Un robot humanoide chino consigue un récord Guinness tras caminar 100 kilómetros

La hazaña se ha llevado a cabo a pesar de que muchos expertos consideran que la industria robótica no está evolucionando como ellos esperaban hace unos años.
Para muchos expertos, los robots humanoides están lejos de ser los asistentes que gente como Elon Musk desean. Muchos consideran que la robótica en general está más estancada de lo que a veces parece. Sin embargo, algunos robots humanoides ya se están abriendo camino. En esta ocasión, como ha sucedido con un invento chino, literalmente. Lo que le ha valido un récord Guinness.
El modelo en cuestión está fabricado por la máquina AgiBot, y responde al nombre de A2. Más allá de lo mediático de la noticia, la hazaña llevada a cabo por él debe considerarse un auténtico hito por varias razones, y pone claramente de manifiesto que el gigante asiático va un paso por delante de las demás potencia también en lo que se refiere a esta industria.
Un robot chino de Guinness
Tal y como informan desde Global Times, el robot humanoide A2 consiguió completar una caminata de 106,286 kilómetros. O lo que es lo mismo, la distancia que existe entre las ciudades chinas de Suzhou y Shanghai. El viaje se llevó a cabo entre el 10 y el 13 de noviembre de 2025, y fue certificado por el Guinness World Records como la "mayor distancia recorrida por un robot humanoide" sin apagarse.

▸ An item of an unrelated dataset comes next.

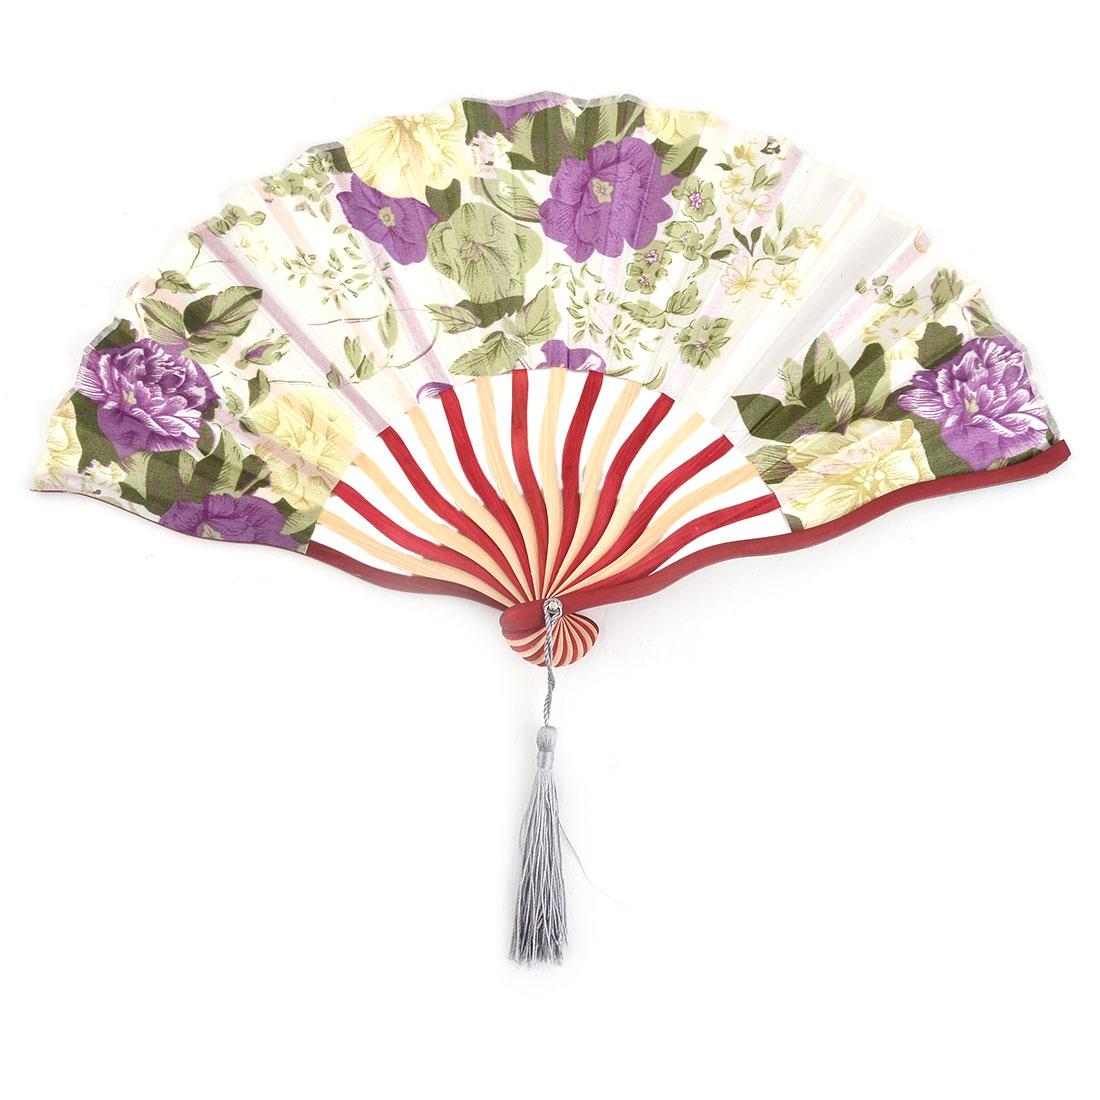 Polyester Flower Printed Tassel Handmade Summer Folding Hand Fan 8.3 Inches Length

Esto último es lo más importante del todo, según señalan los expertos en robótica. A2 fue capaz de hacerlo gracias a un sistema de baterías intercambiables ("hot-swappable battery system"), debido al cual pudo ir renovando su energía a medida que avanzaba sin tener que detenerse en ningún momento, hasta haber alcanzado su destino.
También es llamativa la ruta a la que el robot se enfrentó. Esta no solamente consistía en entornos urbanos, sino que recorrió comunidades más rurales. Es decir, que tuvo que medirse en terrenos diferentes, lo que hacía más complicado su desafío. Paso por aceras, puentes e incluso tuvo que cruzar carreteras. En todo momento, parece, cumplió las normas, como las impuestas por los semáforos.
Aunque simplemente ir de un lugar a otro pueda parecer sencillo, no lo fue. Al menos, no para un robot humanoide de este tipo. No solo por una cuestión de resistencia física, que también, sino por el control de equilibrio del que tuvo que hacer gala, la orientación, GPS mediante, o la capacidad de avanzar de noche sin tener ningún accidente ni golpearse con nada.
¿Un modelo listo para conquistar el mundo?
Quizá lo más significativo de este robot, aparte de todo el asunto del récord Guinness, sea que el modelo que llevó a cabo la prueba no tiene nada excepcional. Es decir, que sus responsables aseguraron que es el mismo que se entrega a los clientes que lo quieran adquirir. De esta forma, su distribución comercial parece más fiable que la de alternativas aún en desarrollo como Optimus.
El hito llega en un momento en el que, por lo general, la robótica no genera demasiada confianza. Uno de los mayores expertos mundiales en la materia, de hecho, aseguró hace no mucho que él no se acercaría a menos de tres metros de un robot humanoide. Por si acaso.